The sale of this family estate during the war just happened to include ‘The historic remains of Stonehenge’ in a fascinating piece of history from the pages of Country Life
Selling off the nation’s best-known ancient monument, perhaps to be dismantled and reassembled in the Arizona desert as a tourist attraction, would be unthinkable. Stonehenge has brooded mysteriously on Salisbury Plain for more than 4,000 years to the delight and perplexity of tourists, Druids, dowsers and philosophers
as well as the millions who pass by on the A303, and its preservation is quite properly a major national responsibility undertaken by English Heritage.
Exactly 100 years ago, however, a grainy black-and-white photo of the famous stones casually appeared in the estate agents’ particulars for Amesbury Abbey, which was advertised for sale in a September 1915 property section of Country Life.

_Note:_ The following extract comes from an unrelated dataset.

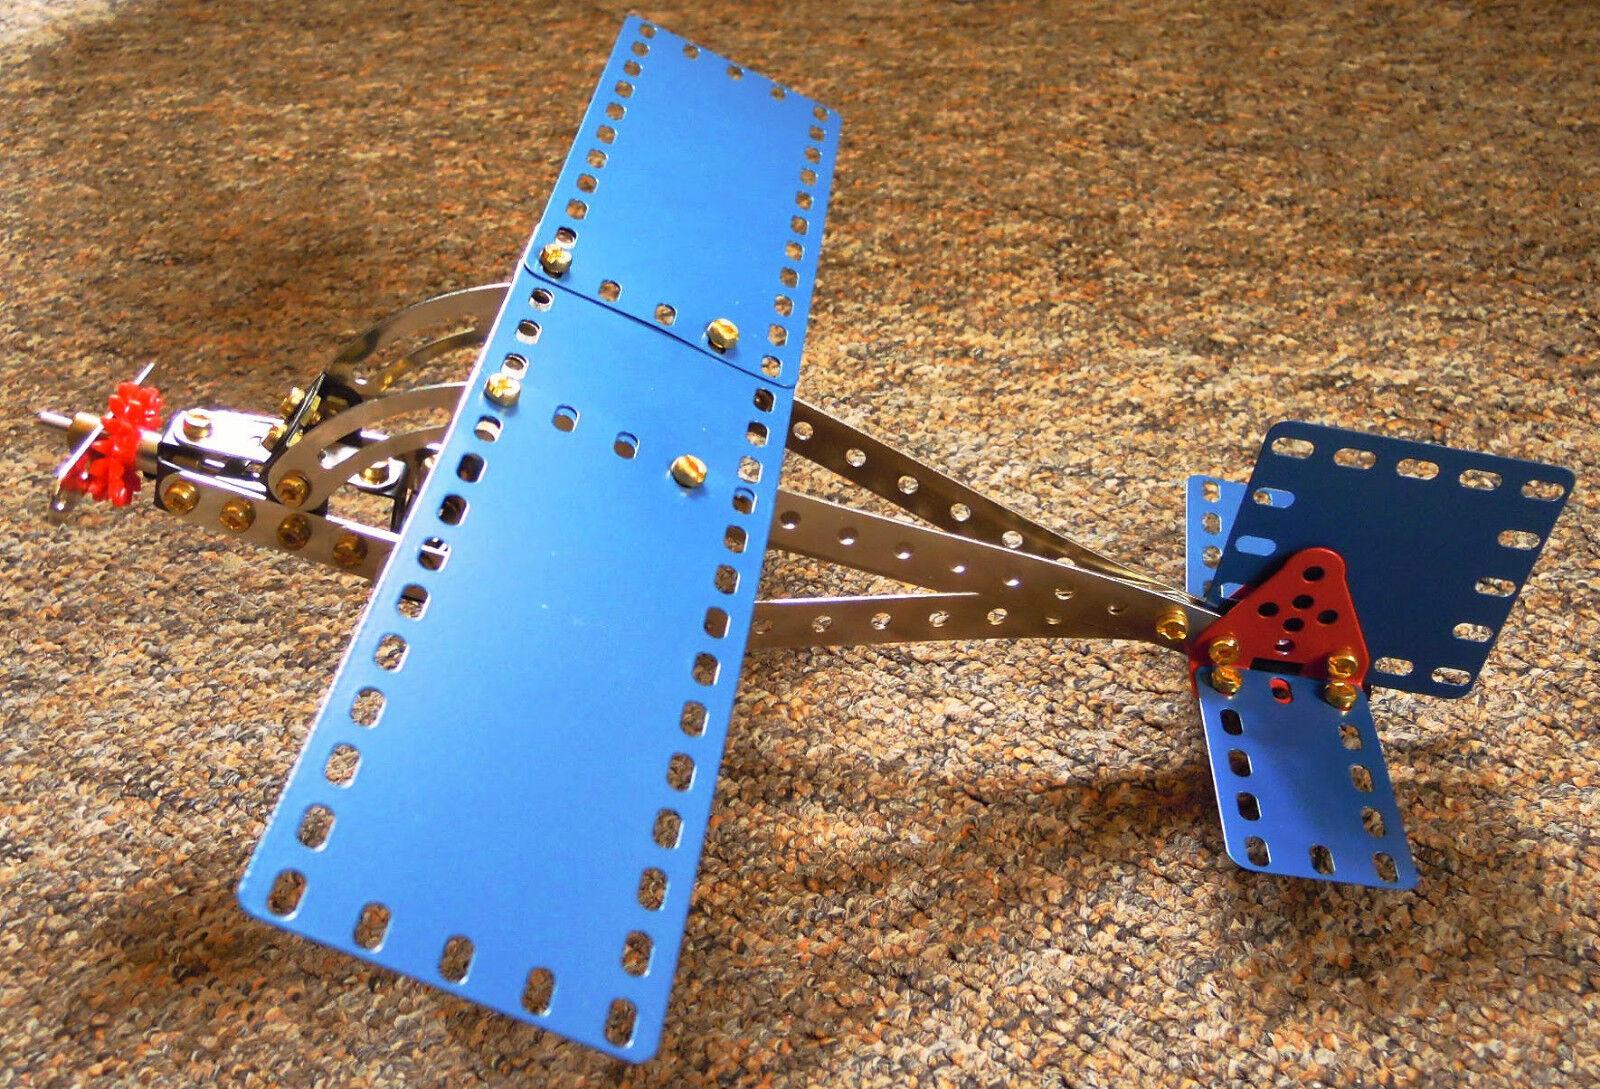 Märklin 45292  Metall-Baukasten Deko-Sondermodell Deko-Sondermodell Deko-Sondermodell Metall-Flugzeug, N E U & O V P 988b75

A lot of good estates came on the market during the First World War, following the untimely death of their heirs. Sir Edward Antrobus was killed in Belgium in an early engagement and his family seat subsequently became available as a whole or in lots; Stonehenge sharing the billing with a modest farmhouse, West Amesbury Farm, with 763 acres.
In the event, Stonehenge didn’t go the way of London Bridge, famously dismantled and shipped to the USA. On September 21, 1915, at the New Theatre, Salisbury, Stonehenge in 30 acres was knocked down for £6,600 to a Wiltshire solicitor, Sir Cecil Chubb, as a birthday present for his wife. It is said that she was less than thrilled by the costly gesture. Eventually, the Chubbs generously made Stonehenge over to the nation, in a deed of gift that stipulated free and unfettered access for the public in perpetuity.
This is a rare glimpse of an unusual advertisement, because the property supplement was discarded when that particular issue of the magazine was bound and is no longer in COUNTRY LIFE’s archives. This solitary copy belonged to the writer and geometer John Michell, who wrote eloquently about sacred geometry and the enchantment of the English landscape.